Step 3: Be realistic
Being motivated about working out is great but just don’t try to cram in too much in too soon: Dave Spindel, a trainer who has helped athletes around the world, says people who try to work out seven days a week will probably quit. Spindel has a sign in his office that says ‘If it does not fit into the context of your life, you will not stick with it.’ Unless your fitness plan is considerate of your schedule, it probably won’t last. Aim for three or four days and add in trips when your schedule allows.
Step 4: Bring a buddy
It’s hard enough to get up early in the semester for your 8 a.m. class, let alone for the gym. Meeting a friend at the gym will motivate you to roll out of bed and will keep you on track during your workouts (it will also hold you accountable!). Trade class schedules with each other and decide on a time that works for both of you. Whether it is spotting each other or holding down feet during sit-ups, a workout partner can push you harder. Email out over your sorority list-serv or just out to a group of friends letting them know that you’re planning on going to the gym every Monday, Wednesday, Friday at 10AM (for example) and ask if anyone would like to go with! You’ll feel worse canceling on a friend than you will on yourself (even though that shouldn’t be the case).
Step 5: Switch it up
After a month of going to the gym three times a week, your gym routine can feel a little, well, routine. One fun option is to join an intramural team. The season is short, the commitment is small and you’ll expand your social circle all while sticking to a fitness plan. Best of all, knowing you’ve got a game on Thursday and a whole team depending on you will keep you going. Katie played soccer in high school and jumped at the chance to play on an intramural team in college. “I wanted to stay in soccer shape and keep my skills sharp. It was fun because my team became really good,” says Katie. Look out for intramural team sign-ups at the beginning of the semester!

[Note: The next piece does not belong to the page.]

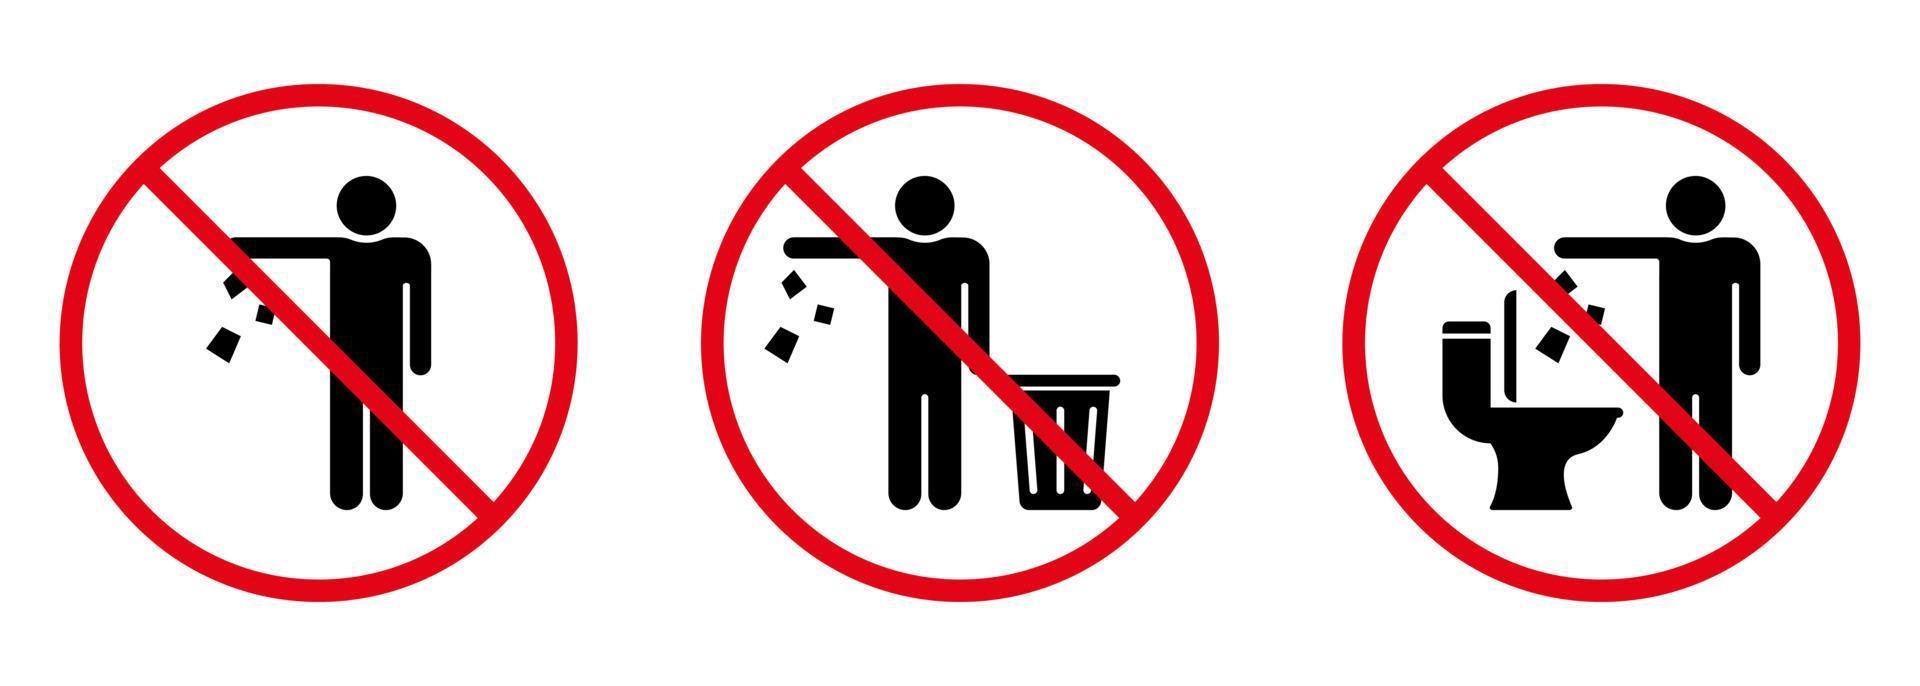 non gettare spazzatura nell'icona della siluetta del segno della toilette. vietato gettare spazzatura, rifiuti, simbolo di immondizia. avviso si prega di gettare i rifiuti nell'icona del cestino. mantieni il pittogramma del glifo pulito. illustrazione vettoriale isolata.

Step 6: Don’t make excuses
Carlene says once school starts, her energy level shoots down. She says she uses going to the gym and exercising to help her get back energy. “One thing I hear so often is ‘I can’t exercise, I’m tired,’ but in reality exercise gives you energy,” Carlene says. Just imagine how good you’ll feel as you walk home covered in sweat, energized and ready to start some homework. Spindel says you should go to the gym even for a short period of time if you’re feeling tired. “Within a few minutes, you’ll feel better just because you’re there. You won’t feel bad later about not going to the gym and you can come back on a day you feel more rested,” says Spindel.
Find that you don’t feel like bringing your gym clothes with you to class? Look into getting a locker at the gym, which is often free, or just wear your gym clothes to class in the first place! Too much reading to do to go to the gym? Plop on the stationary bike and multi-task with a textbook.
Step 7: Find a 5K
Another great way to stick to exercise is to train for a 5K on campus. Check out our advice or Runner’s World for training regimens and find a race a few weeks from now. Having a definite goal at the start of school will force you to lace up those tennis shoes. Not a runner? No problem. There are plenty of people who bring their dogs to walk at the rear of the pack.
Step 8: Keep track
Log your workouts in a notebook or with an online tool like MyPyramid Tracker or RunningAHEAD. Keeping track of how often you work out and getting to check something off after you do it can be a huge motivator. Studies have found that the dieters who are most successful at maintaining their weight are those who keep a food diary, and it makes sense that the same would be true for keeping up with a fitness regimen.
Step 9: Reward yourself
Remember when your mom used to promise you ice cream in exchange for a tidy room so you cleaned up in a flash? Sometimes the best motivation is a small treat. Maybe you’ve been dying to buy that latest bestseller or sign up for a Netflix account. Don’t do it until you’ve stuck to your exercise plan for a month. Keep a photo of your reward on your bulletin board so the next time you reach for the remote and bag of chips, you’ll remember you should probably hit the gym instead.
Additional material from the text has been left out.